5.10 Exposure of Photomultiplier to Intense Light
          If the photomultiplier is exposed to strong light its spectral characteristics may be temporarily altered and erroneous instrument dial readings may result. It is necessary, therefore, to darken the room as much as is convenient before opening the lid of the instrument. For the same reason, direct sun focused image type observations must not be made when the sun's zenith angle is less than about 67 degrees. The intense sunlight may damage the photosensitive cathode of the photomultiplier. Also, never remove the spectrophotometer cover or cover lids before switching off the photomultiplier high voltage power supply, or the photomultiplier may be permanently damaged.
          If the photomultiplier is accidentally exposed to strong light, then standard lamp tests should be performed at intervals of several days until lamp readings stabilize.
5.11 Replacing Standard Lamps
          The spectrophotometer should normally be provided with two or more standard lamps, A, B, C, etc., that are used periodically in checking the state of calibration of the instrument. If lamp A or lamp B should burn out or be accidentally broken, a new replacement lamp should be wired for use.

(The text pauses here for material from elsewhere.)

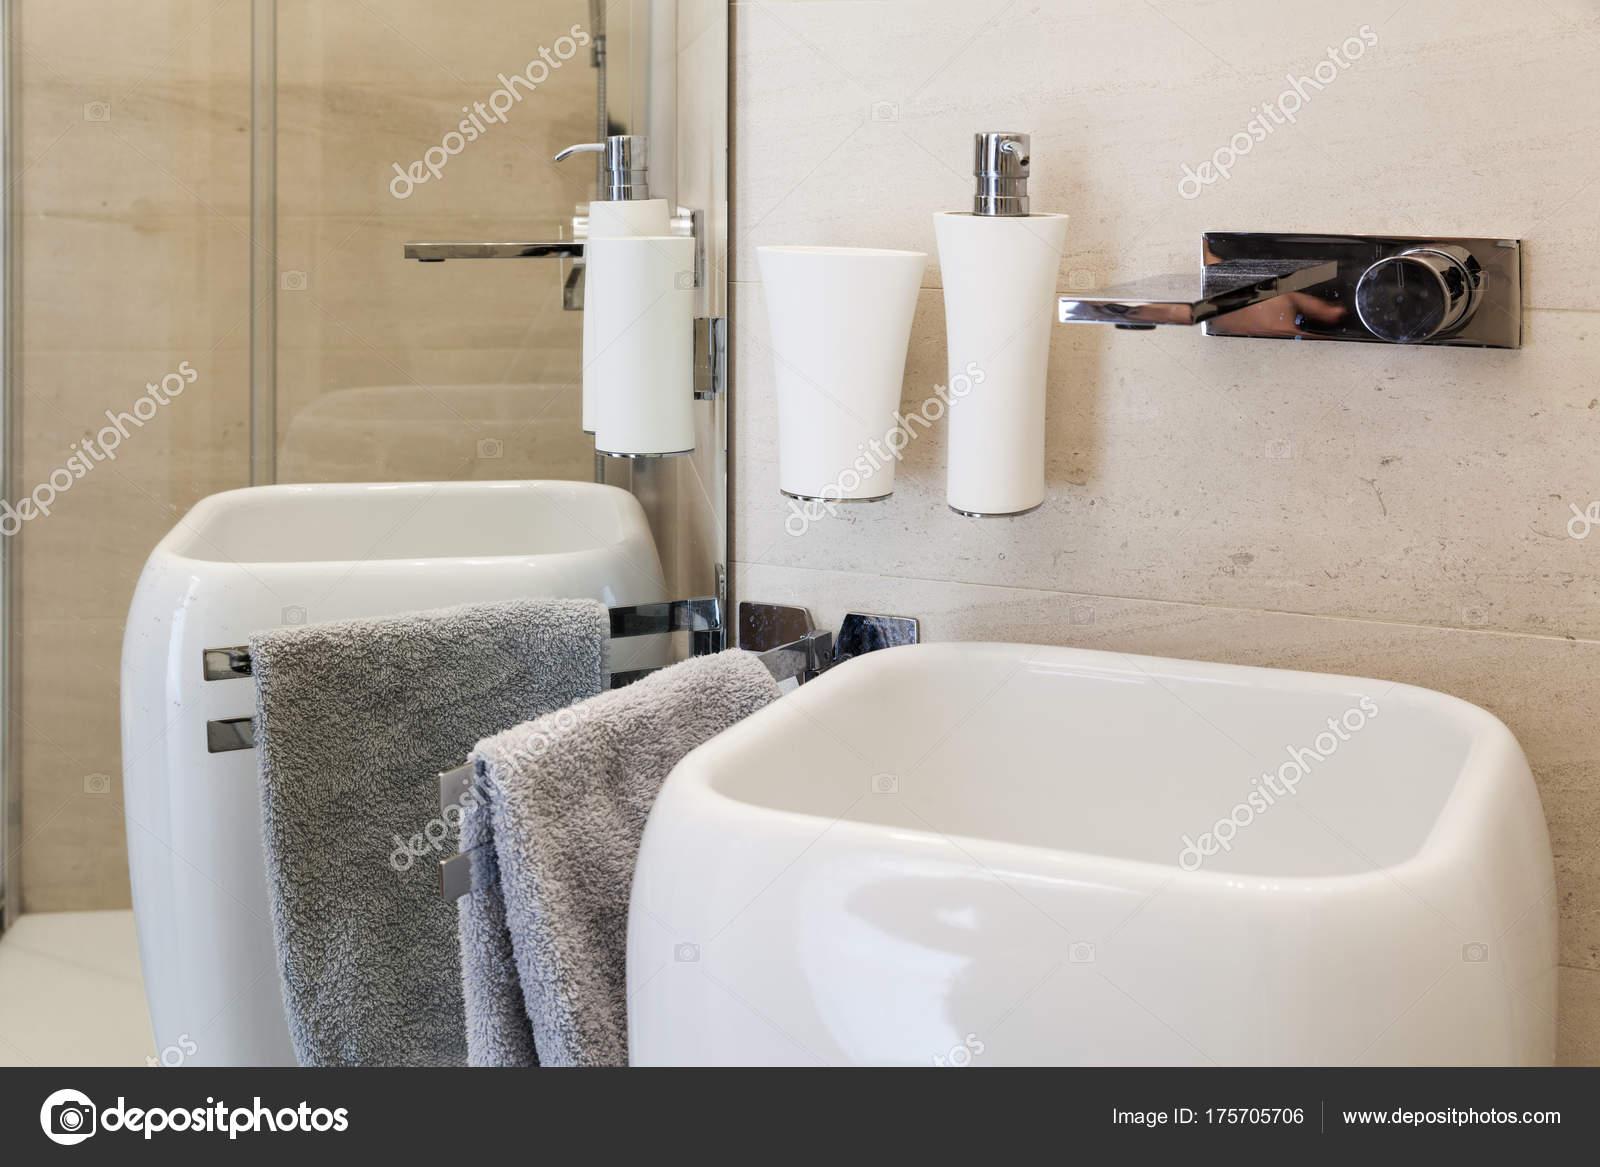 Schön Bad Waschbecken Ideen Von Bad, Aus Keramik — Stockfoto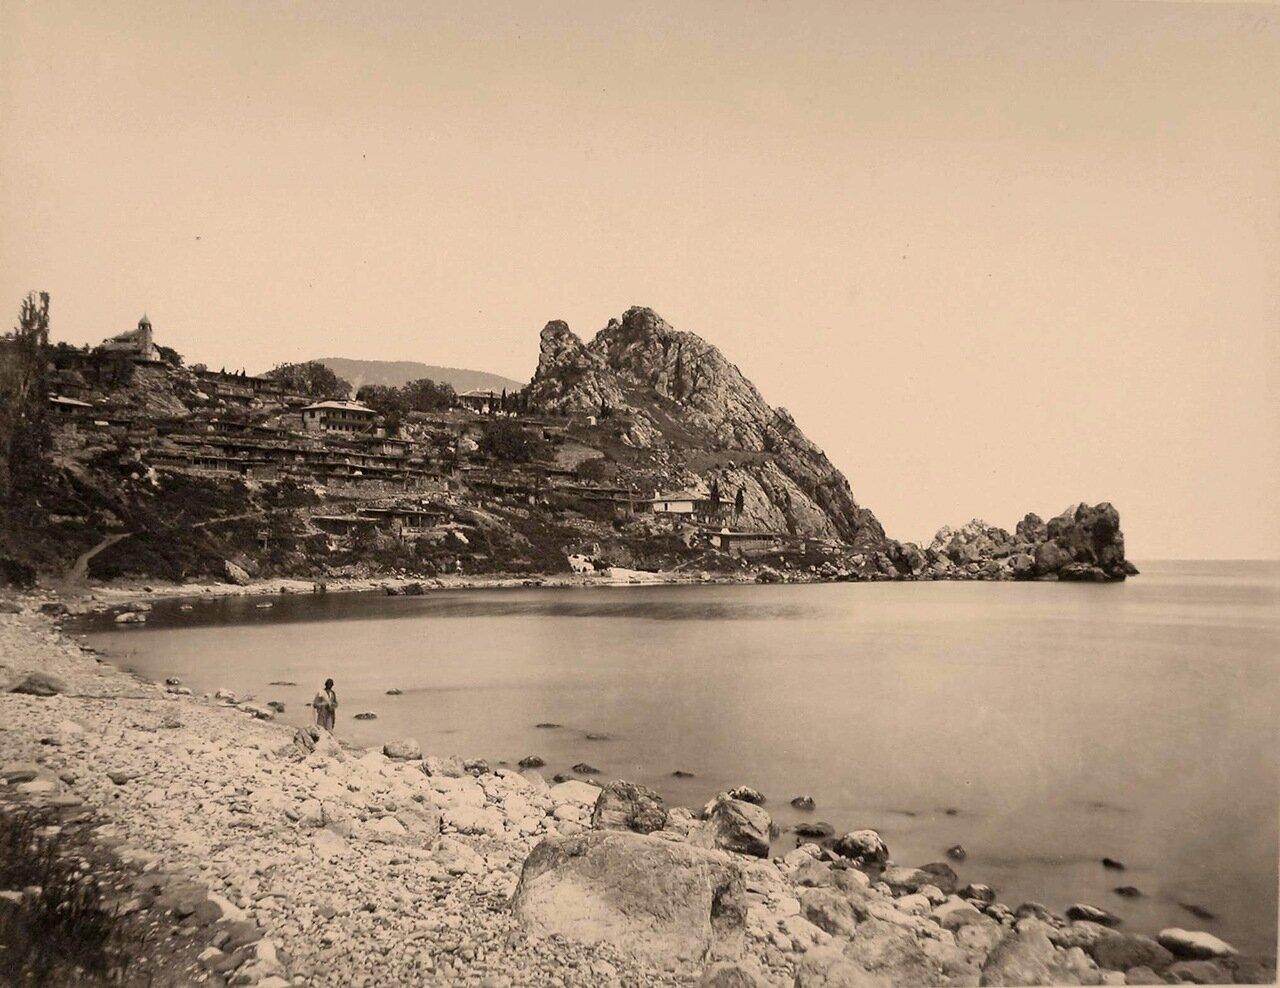 19. Вид жилых домов на скале, у побережья близ горы Аю-Даг

          It is important that the new lamp be correctly positioned over the spectrophotometer inlet window before use, particularly if the lamp is of the ultraviolet glass envelope variety that has a C-shaped tungsten filament. Correct positioning of the lamp is effected by impressing a small voltage across the lamp so that the filament becomes visible, and adjusting the lamp in its holder so that the C-shaped filament is situated symmetrically over the spectrophotometer inlet window with the back of the C pointing downward. Mark this position of the lamp by drilling a small hole in the lamp base in line with the hole present in the lamp holder. All future tests with the new lamp must be performed with the lamp correctly positioned; otherwise, erroneous data will result.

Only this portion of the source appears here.